From PyTorch Tensor to PIL Image: A Line-by-Line Breakdown
From PyTorch Tensor to PIL Image: A Line-by-Line Breakdown
Demystifying the common three-line pattern for visualizing a batch of images using
torchvision,NumPy, andPIL.
The Code
When working with image generation or classification in PyTorch, you often need to visualize a batch of images. The following three-line snippet is ubiquitous:
grid = torchvision.utils.make_grid(x)
grid_im = grid.detach().cpu().permute(1, 2, 0).clip(0, 1) * 255
grid_im = Image.fromarray(np.array(grid_im).astype(np.uint8))
It looks compact, but each step does something important. Let’s break it down.
Step 1: Arrange Images into a Grid
grid = torchvision.utils.make_grid(x)
x is a batch of image tensors with shape [B, C, H, W] — batch size, channels, height, width.
make_grid stitches them together into a single image tensor of shape [C, H', W'], where H' and W' depend on how many images fit per row (controlled by the nrow parameter, default 8). This makes it easy to visualize an entire batch at a glance.

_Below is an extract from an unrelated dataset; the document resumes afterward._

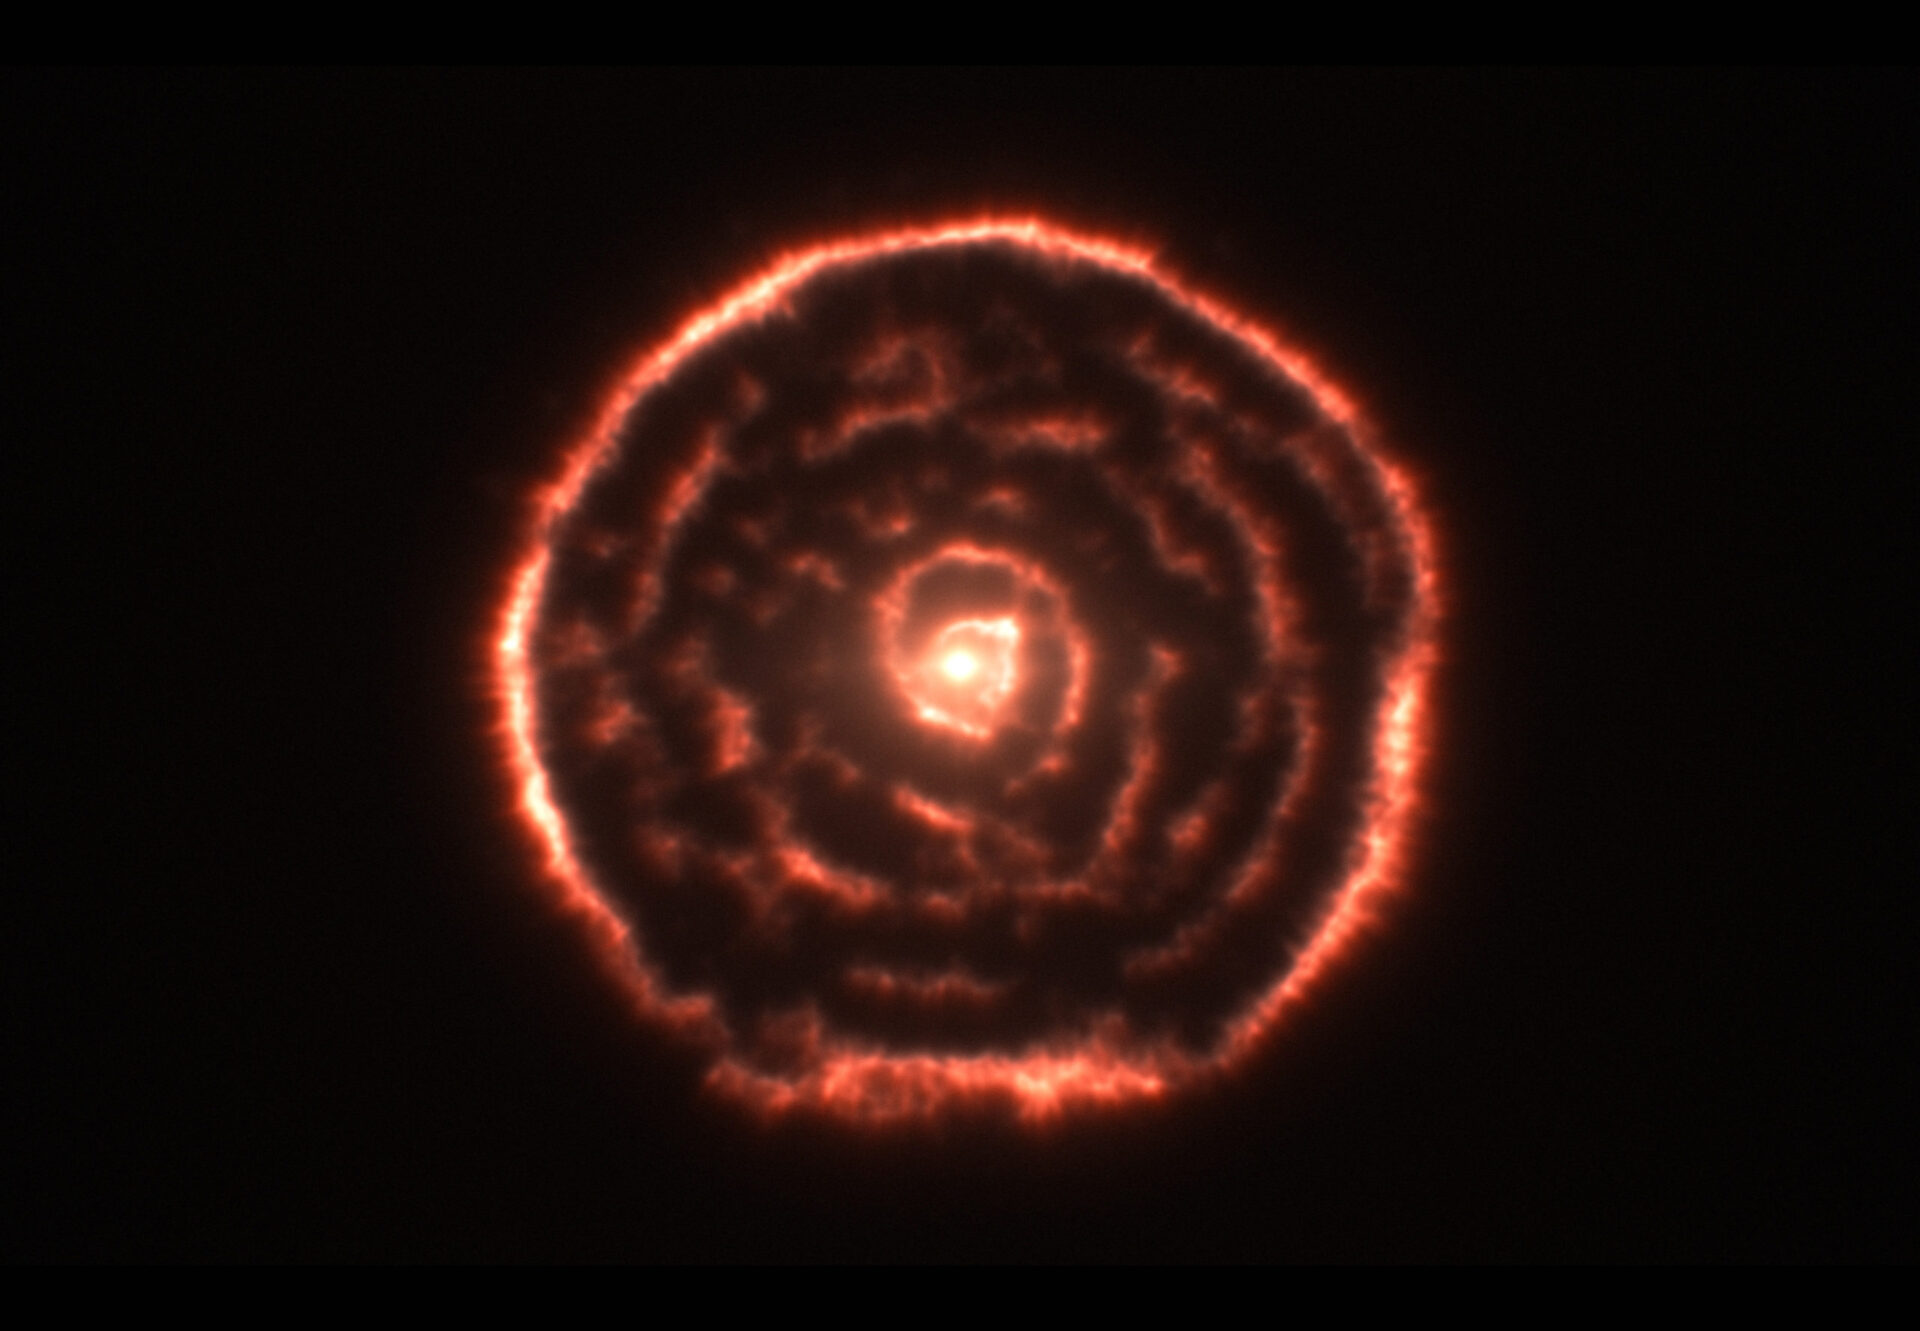 Surprising spiral structure in the gas around the red giant star R Sculptoris

Step 2: Convert to a NumPy-Friendly Format
grid_im = grid.detach().cpu().permute(1, 2, 0).clip(0, 1) * 255
This is a chain of five operations:
| Operation | Purpose |
|---|---|
.detach() |
Detach the tensor from the computation graph so gradients are not tracked. Required before converting to NumPy. |
.cpu() |
Move the tensor from GPU to CPU memory. NumPy and PIL cannot operate on CUDA tensors. |
.permute(1, 2, 0) |
Rearrange dimensions from [C, H, W] (PyTorch convention) to [H, W, C] (image library convention, e.g. RGB last). |
.clip(0, 1) |
Clamp pixel values to the [0, 1] range. Neural network outputs may slightly exceed this range due to floating-point arithmetic. |
* 255 |
Scale from float [0, 1] to integer [0, 255], the standard 8-bit color depth. |
Why .detach() Before .cpu()?
Calling .cpu() on a tensor that still requires gradients would maintain the autograd graph across devices. .detach() first ensures a clean, gradient-free copy.
Why .permute(1, 2, 0)?
PyTorch stores images as CHW (Channel, Height, Width) because convolution operations are optimized for this layout. However, display libraries (PIL, matplotlib, OpenCV) expect HWC (Height, Width, Channel). The permute call performs a zero-copy dimension reorder.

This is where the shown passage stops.